I need to get a tractor across a small stream on our property. What can you suggest? Thanks

–Stranded in Horseshoe



Dear Stranded –

I faced a similar situation a year or so ago. We had just installed a wood furnace to heat our greenhouse and a corner of our woodlot was across a stream that we did not want to drive through repeatedly. A medium-sized locust tree fell into our orchard during a wind storm and we decided to put that asset to use in solving our firewood problem.

Locust is amazingly rot resistant – an important feature for a bridge, particularly for the parts that will be in contact with the soil. Treated wood is the standard approach to this problem but many of us would rather not be around those chemicals. We have locust fence posts on our land that appear to have lasted close to 100 years.

I searched the internet for ideas on designs and one of the first hits was an article originally written in your community of Horseshoe NC at the Mother Earth News Ecovillage. Mother Earth News changed ownership since its founding in Western North Carolina, but in the late 70s and early 80s it hosted an Ecovillage that offered classes and demonstrations. Many of our early organic leaders are veterans of that facility and their work continues to be helpful.
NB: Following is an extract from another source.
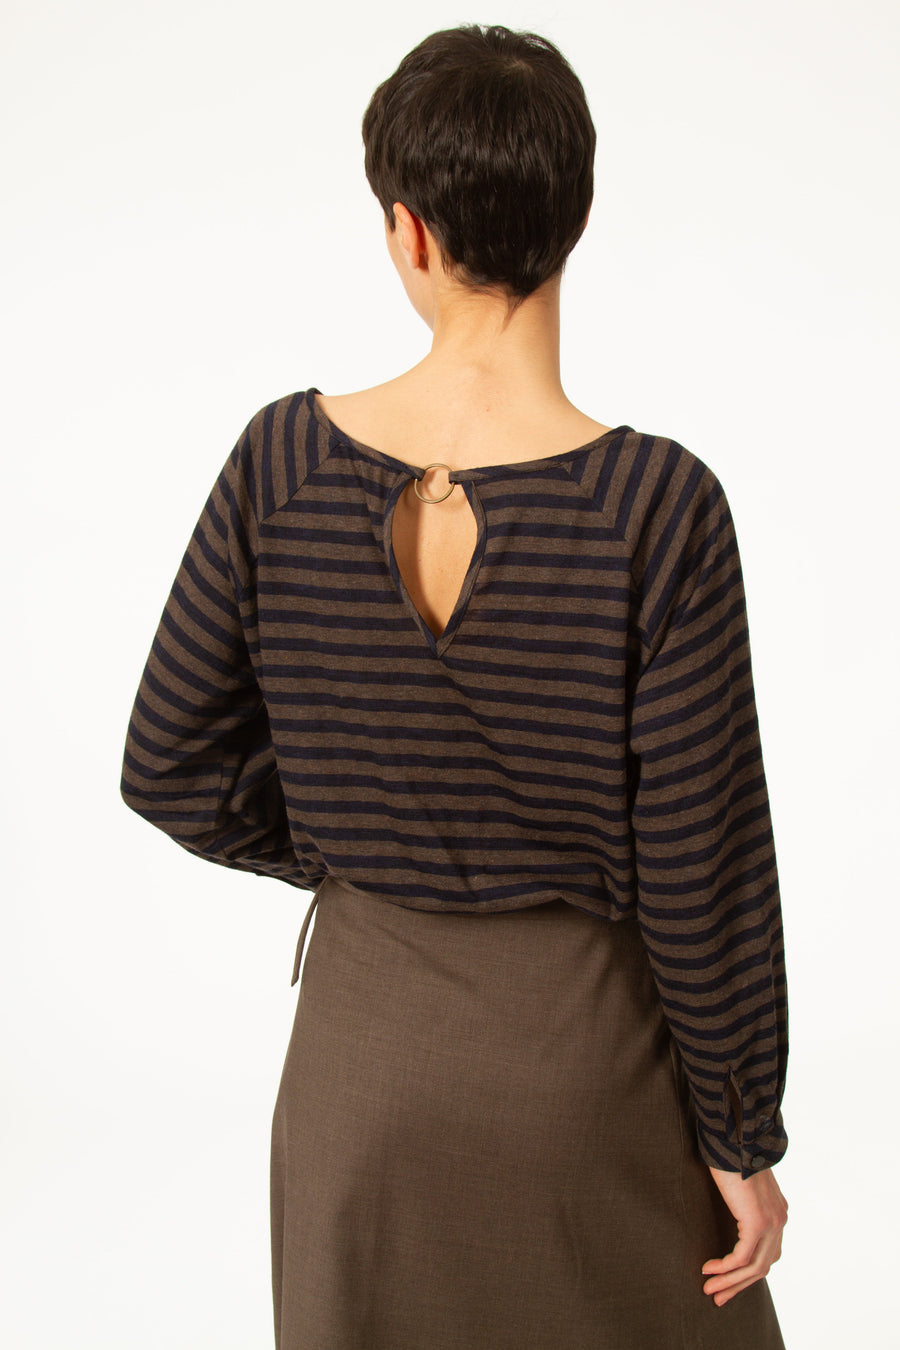 LUCIEN Striped Top

The problem faced by the Ecovillage staff (Rick Compton and Hoy Gross) was transporting a loaded cement truck across a small creek. I am confident that your tractor weighs less than the 65,000 pounds that their cement truck weighed. They used four 14” diameter logs. A very useful chart provided in article’s photo gallery above is a graph of the strength of various types of logs with various distances between the bridge piers.

log graph

Source: The Mother Earth News (see link above)

They placed the four logs so that two would support each set of wheels and applied a deck of two inch boards. Here is their proof of concept demonstration.

truck pic

They do not mention in the article if they had a structural engineer review their plans but I found the photo above convincing. If others will use your bridge, it probably makes sense to have a qualified professional review your plans.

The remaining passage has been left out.